To double-check the consistency with the data analysis, the original u − v data of the MGCLS pointings were passed through the pipeline developed by SARAO, with comparable results. Both approaches produce images of extremely high quality, with rms values very close to the thermal noise, i.e. rms ∼6 μJy beam⁻¹ at full resolution (see Table 2). To enhance the low-surface brightness emission in the field, we produced MGCLS images convolved to a resolution of 15″. The average noise at this lower resolution is in the range ∼15−30 μJy beam⁻¹. The average residual amplitude calibration errors are of the order of 5% for all MeerKAT datasets.

We finally produced images at the resolution of 40″ × 40″ after removing the contribution of the individual sources. We followed two different approaches. We adopted both (1) the filtering method described in Rudnick (2002) and (2) the subtraction of individual galaxies from the u − v plane with further convolution of the residual emission (see Venturi et al. 2007). The resulting images are consistent in the morphological details, but differ slightly in the flux densities integrated over large areas, the first method providing slightly higher values. Considering the very different approach of the two methods, we assume a conservative flux density uncertainty of the order of 20%. The images presented in this paper are those obtained with the filtering technique.

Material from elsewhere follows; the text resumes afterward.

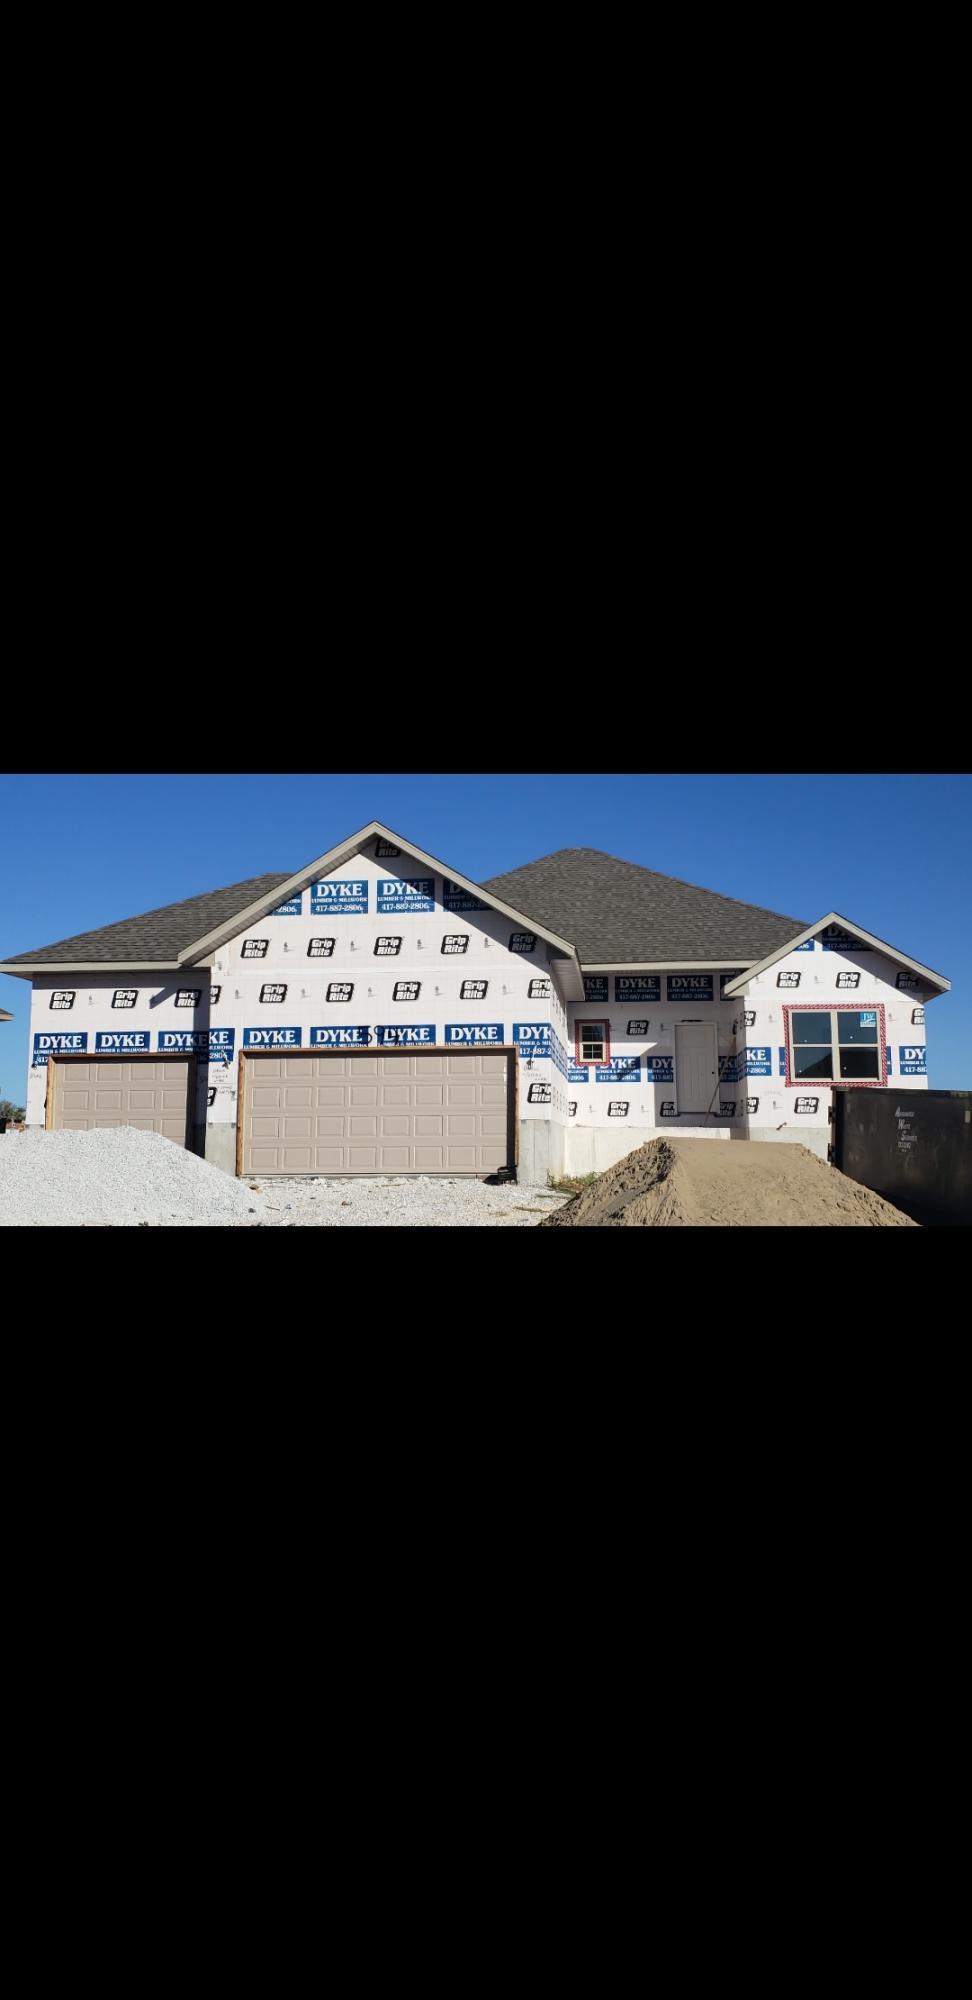 594 South Elegant Drive, Nixa, MO 65714

Our MeerKAT images of the region between A3562 and SC 1329–313 are shown in the central and lower panel of Fig. 3. The emission at the centre of A3558 is shown in the lower panel of Fig. 4.

Fig. 4. Radio halo in A3558. In both panels the magenta cross shows the position of the brightest cluster galaxy (BCG). Upper panel: ASKAP image at 887 MHz in colour (same resolution and rms as in the upper panel of Fig. 3). The black contours show the emission of the halo after subtraction of the embedded point sources (see Sect. 4.7). The resolutions is 25.1″ × 20.9″, in p.a. 131.5° and the rms is ∼35 μJy beam−1. Contour levels start at ±0.15 mJy beam−1 and are spaced by $\sqrt{2}$ (negative contours in green). Lower panel: MeerKAT image at 1.283 GHz in colour (same resolution and rms as in the central panel of Fig. 3). The black contours show the emission after subtraction of the point sources (see Sect. 4.7) convolved with a restoring beam of 40.9″ × 40.4″, in p.a. 144.6°. The rms is ∼35 μJy beam−1. Contour levels start at ±0.125 mJy beam−1 and are spaced by $\sqrt{2}$ (negative contours in green).

3.3. GMRT

The GMRT observations of project 22_039 were pointed on A3558 (see Table 2) and carried out at 306 MHz and 608 MHz, with a bandwidth Δν = 32 MHz and 256 channels at both frequencies. The LL and RR polarisation were recorded in both bands. The source 1311–222 was used as phase calibrator for both observations, while 3C 286 was used as primary and bandpass calibrator. A standard data reduction approach was carried out. In particular, a-priori calibration, initial flagging, and RFI excision were performed using flagcal (Chengalur 2013). Further editing, data averaging, and self-calibration were carried out using the NRAO Astronomical Image Processing System (AIPS). Direction-dependent calibration was successfully carried out at 306 MHz using the task PEELR in AIPS; however, this did not improve the quality of the 608 MHz image, since most of the strong sources in the field are resolved at the resolution of our observations. The final images, covering the full field of the primary beam, were produced over a range of angular resolutions, using different weighting schemes (Briggs parameters robust = 0 and robust = +2) to highlight the details of the more compact features as well as the extended emission in the field. The final images have rms values in the range 60−100 μJy beam⁻¹ at 306 MHz and 608 MHz, respectively.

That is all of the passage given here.